Ohio pay-to-stay prisons saddle poor inmates with debt: ACLU

By Kim Palmer

CLEVELAND (Reuters) - Ohio's prison system pushes low-income offenders deeper into poverty by charging fees for their jail time, saddling inmates with debts as high as $35,000, according to a report released on Monday by the American Civil Liberties Union of Ohio.

Forty of the state's 75 county jails that house low-level nonviolent offenders charge a booking fee, daily fees of as much as $50 to $60 a day, or both and of those just half take the offender's income into account when deciding how much of a fee to impose, the report found.

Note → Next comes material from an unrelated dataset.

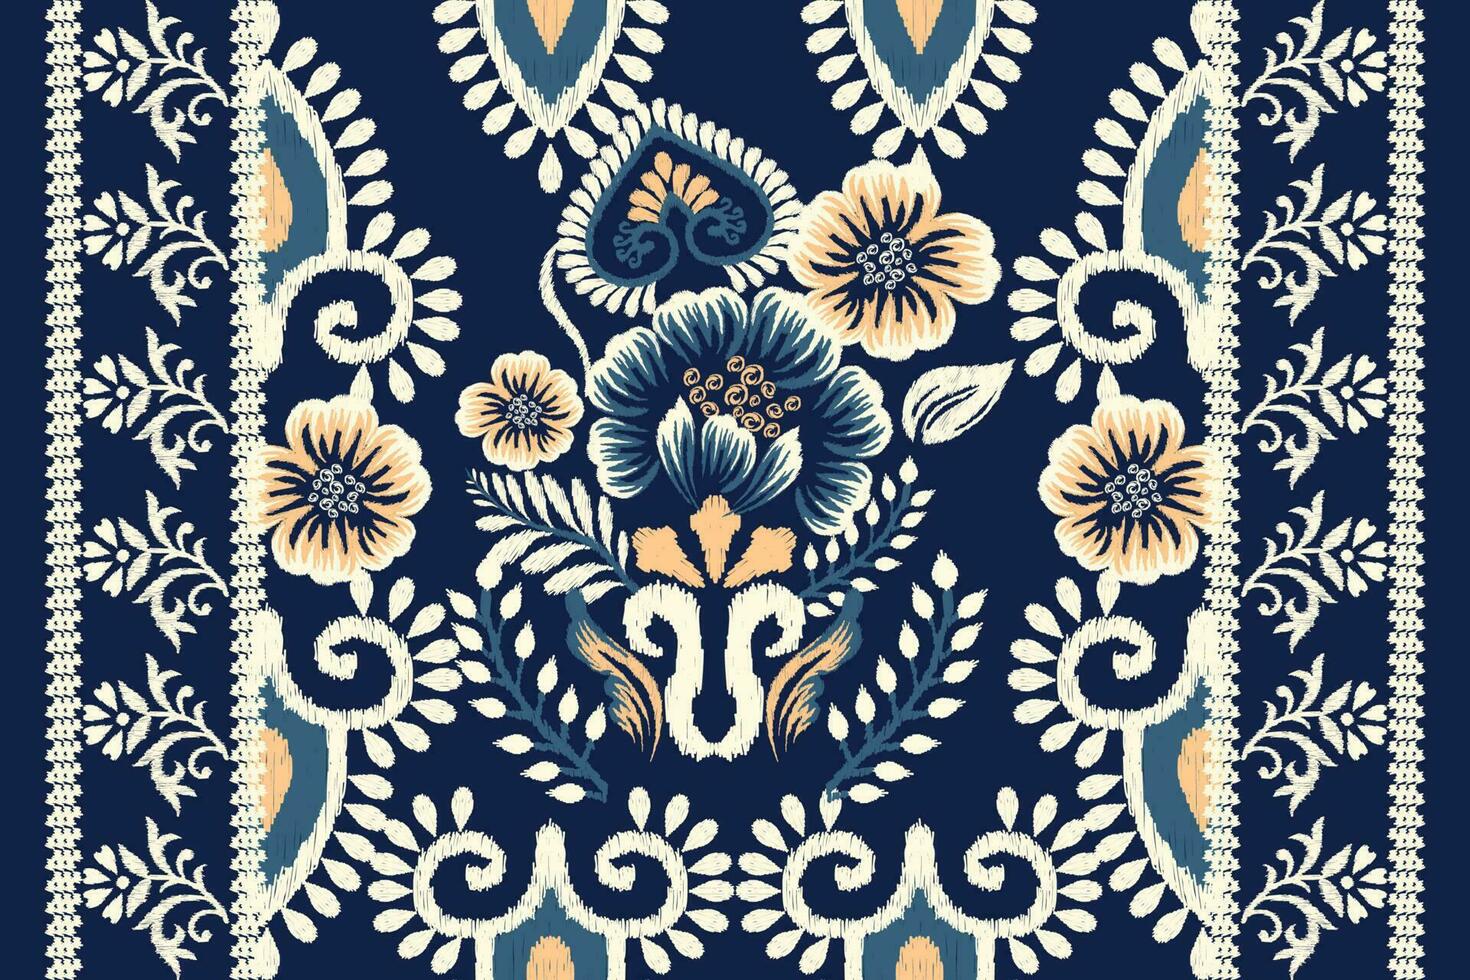 Ikat floral paisley embroidery on navy blue background.Ikat ethnic oriental pattern traditional.Aztec style abstract vector illustration.design for texture,fabric,clothing,wrapping,decoration,carpet.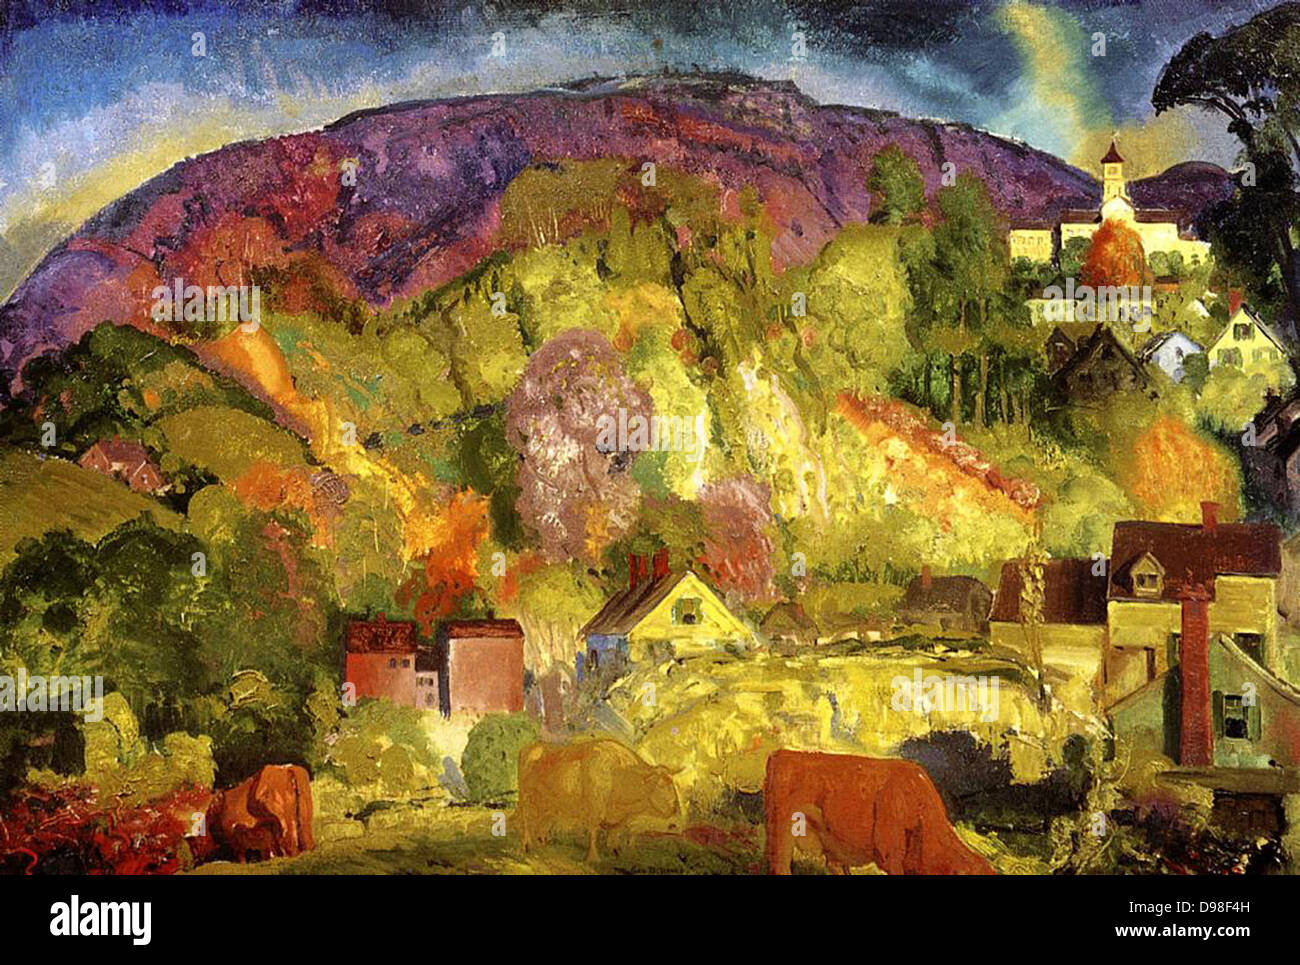 George Wesley Bellows, American Ashcan School (1882-1925), peintre. 'Le village on the hill', 1917 Banque D'Images

It charges that the fees bury people in debt and likely contribute to higher rates of recidivism. The Ohio ACLU called for the state to eliminate the policies or access for indigence and/or allow programs for inmates to work off the debt.

"Pay-to-stay jail fees are the next generation of unending debts that seek to tether low-income people to the criminal justice system," the report states.

"These fees are insidious: loading formerly incarcerated people with increasing amounts of debt make it nearly impossible for even the most well-meaning person to become a productive member of society."

Some Ohio prisons charge as little as $10 for booking and $1 or $10 a day depending on ability to pay. But with some Ohio county poverty rates as high as 32 percent and a minimum wage of less than $8, Mike Brickner, Ohio ACLU senior policy director said, even fees on a sliding scale can be "insurmountable"

Brickner added that with no means to pay the pay-to-stay fees that debt often goes into collections making it more difficult if not impossible for people then get a car loan a job or a place to live because now their credit is compromised.

Pay-to-stay policies proliferated 20 years ago after a state law allowed facilities to charge prisoners fees and the law also allows each facility set its own policy however about half of the state’s county facility have abandoned them all together.

State officials did not immediately respond to a call seeking comment.